テリー メキシコから帰国した時に、全日から新日本プロレスに移籍しましたよね。あれはどういう経緯だったんですか。

越中 もう2年もメキシコにいましたから、そろそろアメリカ本土で試合をやってみたかったんです。それが馬場さんにも伝わっていたはずなのですが、まったく音沙汰がなくて。

テリー どうして?

越中 その時は長州(力)さんたちが全日本プロレスに軍団で殴り込んできて、ジャンボさんや馬場さんたちとやり合うようになって、人数も膨らんじゃって、それどころじゃなかったんじゃないんですかね。そんな時に(新日の)坂口(征二)さんが「メキシコ大変だろうから、ロサンゼルスに飯を食いに来いよ」って声をかけてくれたんですよ。それでロサンゼルスへ2、3回呼ばれて、ハワイにも呼んでくれて。「メキシコの料理は大変だろう。うまいもん食って帰れ」って。

テリー それまで坂口さんと面識は?

越中 全然なかったんです。それで何回か会うじゃないですか、ロサンゼルスとかハワイで。「そろそろ日本に帰って来いよ。帰ってきた時の処遇とかは俺に任せろ。ちゃんとやるから」って。ということで日本に帰って来て、新日本プロレスのリングに上がったという経緯だったんです。

テリー 当時、新日には誰がいたんですか。

越中 若手だと武藤敬司、蝶野正洋、橋本真也ですよね。後は(アントニオ)猪木さん、坂口さん、藤波(辰爾)さん。

テリー 行ったらみんな優しくしてくれましたか。

越中 いやぁ、優しいなんて。エラい目にあいましたよ。

テリー 何ですか、エラい目って。

越中 やっぱり「よそから来た野郎だな」という。「よく来てくれた」って言ってくれたのは、坂口さんと星野勘太郎さんだけですね。

テリー 一番厳しかったのは?

越中 (山本)小鉄さんですかね。真夏に道場の窓を閉め切って、「じゃあ、これからスクワット」って、1000回やるんですよ。道場の気温、40度ぐらいまで上がるんです。

テリー 今だったら絶対やらないですよね。

越中 やらないです。

テリー そうすると、「とんでもないところに来てしまった」と思うんですか。

越中 思いましたね。でも、すごいですね。今、熱中症とかで大騒ぎしてますけど、当時それでぶっ倒れた奴は1人もいなかったですね。

テリー 体には絶対よくないですよね。

越中 よくないです。あと、猪木さんが来て、若手連れて走りに行っちゃったんですよ。奥多摩まで行っちゃって、タクシーで帰ってきたんです。

テリー どういうことですか(笑)。

越中 道場は世田谷にあるんですよ。通りをずっと走って行って、気がついたら奥多摩だったんで、「帰れない」って若手と一緒にタクシーで帰ってきたんですよ。朝の10時頃に出て行って、戻ってきたの夕方の4時頃ですよ。

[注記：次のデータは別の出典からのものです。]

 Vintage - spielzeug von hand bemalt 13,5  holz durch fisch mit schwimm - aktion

テリー 5、6時間走ってるんだ。いいねぇ。猪木さんらしい(笑)。

越中 すごかったですね。

テリー 猪木さんはどんな人だったんですか。

越中 新日本プロレスのオフィスで小林邦明と「住宅ローンがどうのこうの」みたいな話をしてたんですよ。そうしたら猪木さんがたまたま来て、「お前らの夢は小さい。俺は来年ぐらいには世界一の金持ちになるから見とけ」って言われたんです。

テリー なんか怪しい永久電池の話とかしてましたよね。

越中 そうです(笑)。それから何年経っても世界一にはならなかったですけど。でも、やっぱりそういう大きな方でしたね。

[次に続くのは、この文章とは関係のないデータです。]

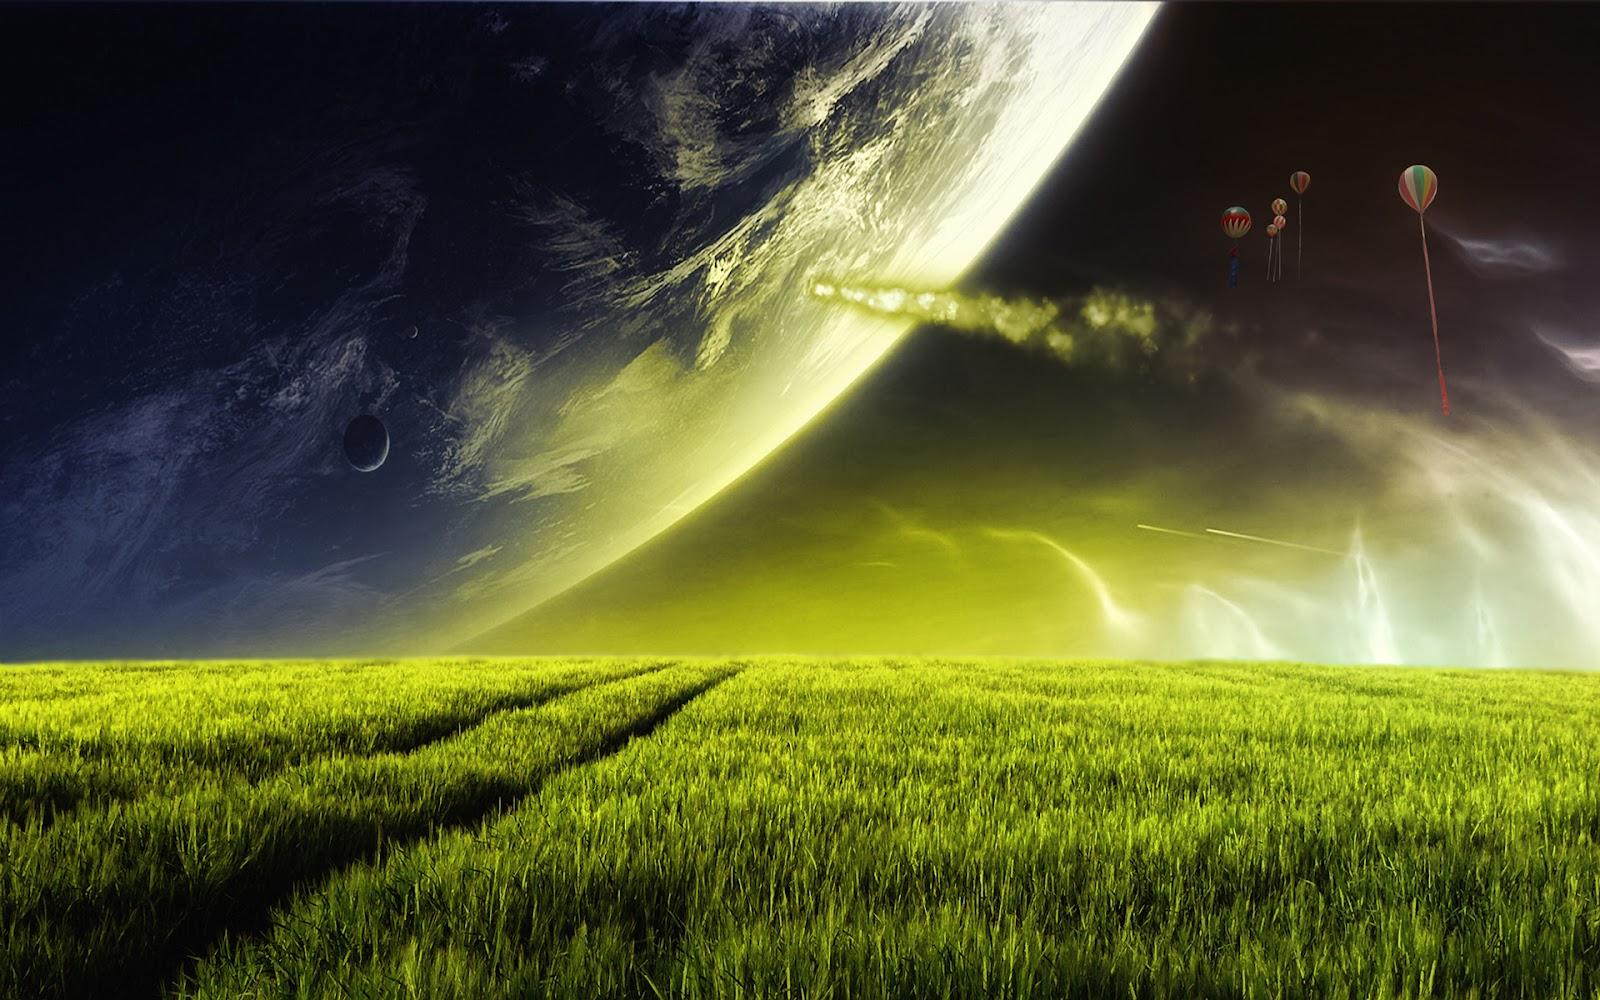 Wallpapers - HD Desktop Wallpapers Free Online: HD Landscape Wallpaper Set

ゲスト:越中詩郎(こしなか・しろう)1958年、東京都生まれ。1978年、「全日本プロレス」入門。1979年、公式戦デビュー。1984年、三沢光晴と共にメキシコ武者修行へ旅立ち、「サムライ・シロー」の名で活躍。1985年には「新日本プロレス」へ移籍し、旧UWFから戻ってきた高田伸彦(現・延彦)との抗争でブレイク。1992年には反選手会同盟(のちの平成維震軍)を結成した。2003年、契約満了により新日本プロレスを退団すると、長州力らが旗揚げした「WJプロレス」に移籍。その後はフリーランスとして、新日本、全日本、ノア、ハッスルなどで活躍。8月24日(土)、デビュー45周年記念大会が後楽園ホールで開催される。